# A Walk With Nature - Critters



## PiP (Jun 12, 2014)

I always feel nervous when I take photos of critters in case they bite!


----------



## Pandora (Jun 13, 2014)

Oh those are cool Pip, I can imagine! Look our for the Praying Mantis and Walking Sticks, cool to watch from a distance.





This guy here took a half hour freeway ride on my car. He nestled himself into the windshield wipers and held on going freeway speeds. I made a new friend that day.


----------



## PiP (Jun 13, 2014)

Pandora, I don't think I could have driven anywhere with that watching me! This is a praying mantis I found in my garden.


----------



## Pandora (Jun 13, 2014)

Impressive creatures, I hope that was a zoom lens! They also, besides a bite, have razor sharp legs. I find so many unusual bugs in the yard each year, new never seen before. I hope the aliens that might arrive someday are not of the giant insect kind, they are brutal to their prey, we might be done for. I have heard but refused to watch the video, a praying mantis can kill a hummingbird, how horrible is that, beasts!


----------



## Gumby (Jun 13, 2014)

Those are neat pics, PiP. Bugs are something that I try to admire from afar.  They give me the willies, but some of them are certainly pretty.


----------



## Ethan (Jun 13, 2014)

think they're scary. have a look at this bug ger, it's called a Weta. thank God they're in New Zealand.


----------



## Cinnamon Fringe (Jun 16, 2014)

Ugh! These bugs look like they're about to jump of the screen at me!

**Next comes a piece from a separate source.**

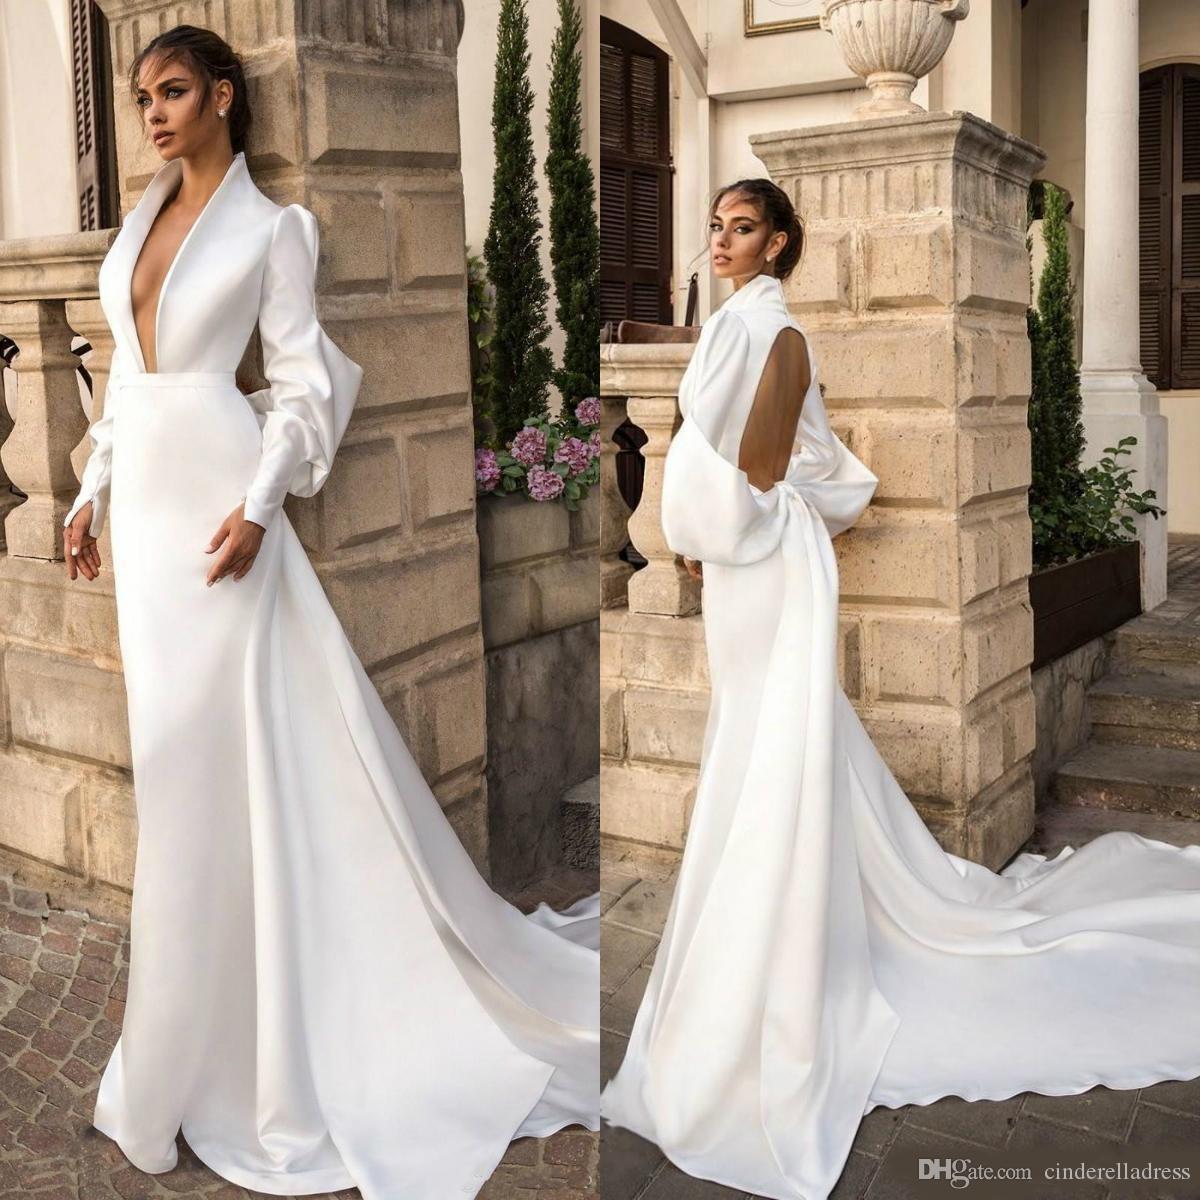 2020 White Satin Mermaid Wedding Dresses Deep V Neck Long Sleeve Garden Sweep Train Plus Size Backless Wedding Dress Bridal Gown
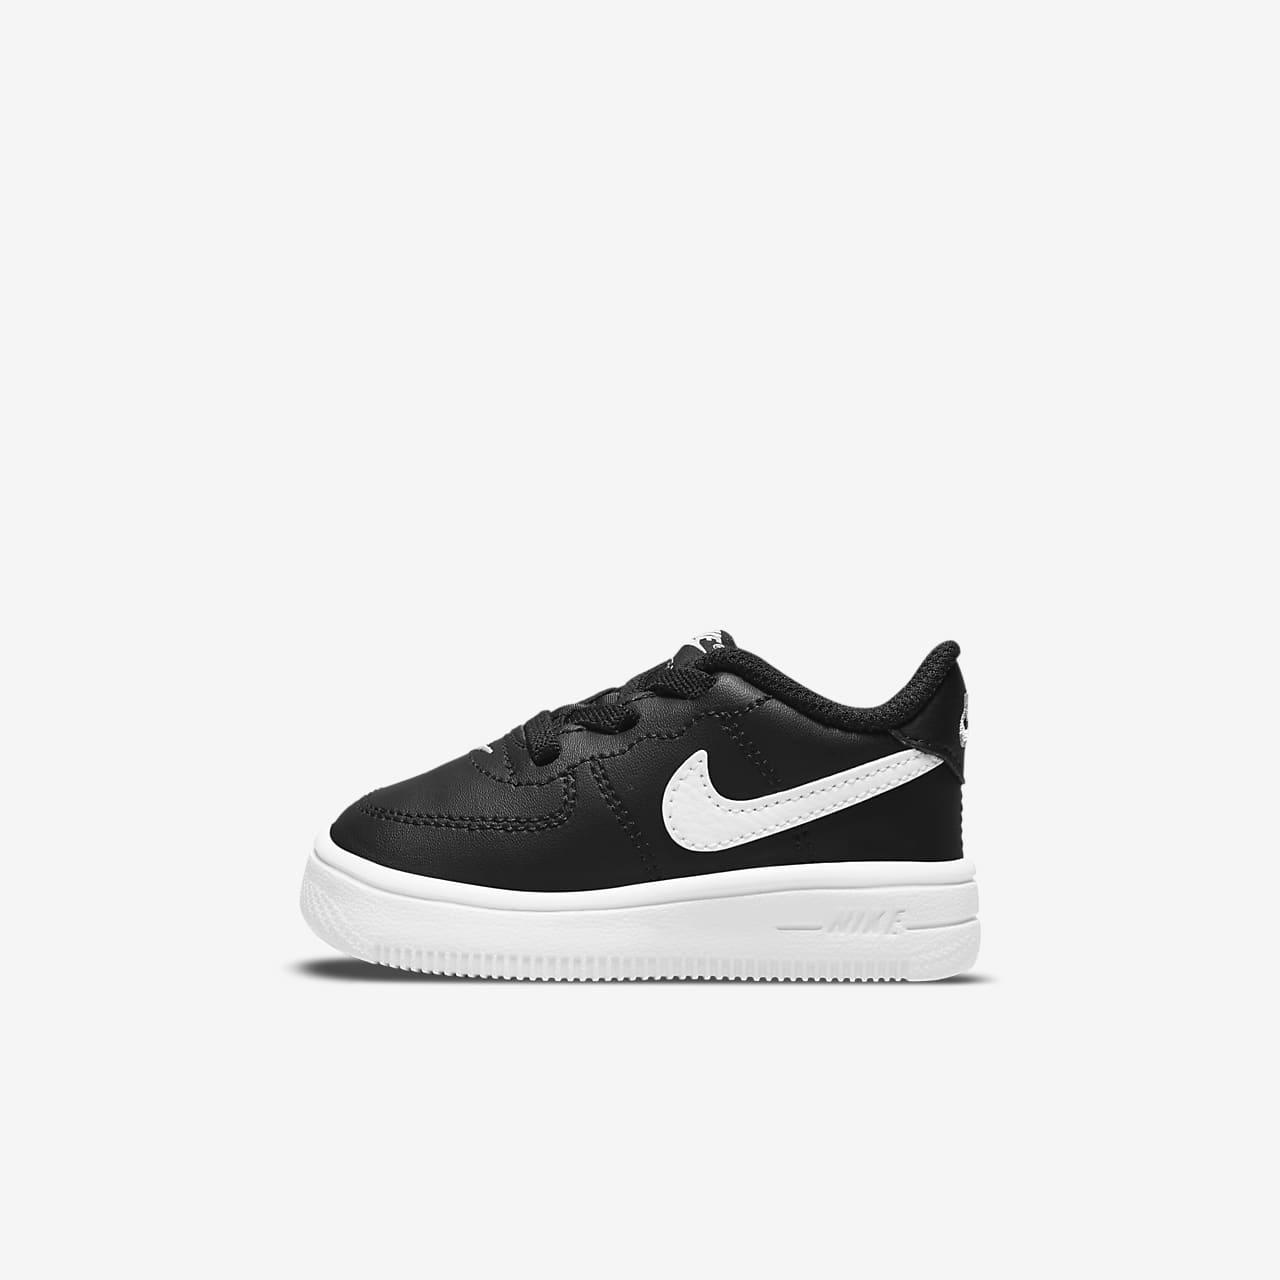 Nike Air Force 1 All Star 06 Xp

The one with the carrot is the worst though. Quite right, Ethan! Scary is an appropriate word for it. Its size alone is rather frightening.


----------



## escorial (Jun 16, 2014)

excellent pic's but bugs man... the most efficient design but so creepy.


----------



## Pandora (Jun 16, 2014)

ok a cute one for the mix :love_heart: it's ladybug love


----------



## Gumby (Jun 16, 2014)

Ethan...just _ugh!!!_

Pandi, I can almost hear Barry White in the background.


----------



## Pandora (Jun 16, 2014)

I had to sign back in for a big LOL! still chuckling :grin:


----------



## J.T. Chris (Jun 16, 2014)

This thread gives me nightmares. Insects terrify me. No joke. I'm nearly thirty, too.

My God, some of these are revolting incarnations of a sinister extra-terrestrial deity hellbent on the domination of our planet via nightmarish creatures the likes of which would make Clive Barker lose his bowels with his pants still on. Their very existence defies America's laws against Cruel and Unusual Punishment. Nature is a cruel mistress.


----------



## Ethan (Jun 17, 2014)

I am Ok with most bugs, but terrible with spiders! Here in Spain they have several types with really nasty bites,some of them can jump (fortunately not as high as I can)We have one which lives on his terrace, which is attached to my apartment, and he is the size of a Volkswagon...Honest!


----------



## John_O (Jun 19, 2014)

Great shots Pip. Love bugs!!! and animals .   Had a snake rescue call last week. When I arrived at the place I release them at I noticed the lid was ajar and... no snake inside LOL. It was just a harmless average size Rat snake. 3'.  Once home it took me about 10 minutes to fine it , all curled up under my front passanger seat.  I just carried it by hand into the woods behind my house and released it there.  But anyway, insects are awesome fun to watch.


----------



## Pandora (Jun 19, 2014)

John_O said:


> Great shots Pip. Love bugs!!! and animals .   Had a snake rescue call last week. When I arrived at the place I release them at I noticed the lid was ajar and... no snake inside LOL. It was just a harmless average size Rat snake. 3'.  Once home it took me about 10 minutes to fine it , all curled up under my front passanger seat.  I just carried it by hand into the woods behind my house and released it there.  But anyway, insects are awesome fun to watch.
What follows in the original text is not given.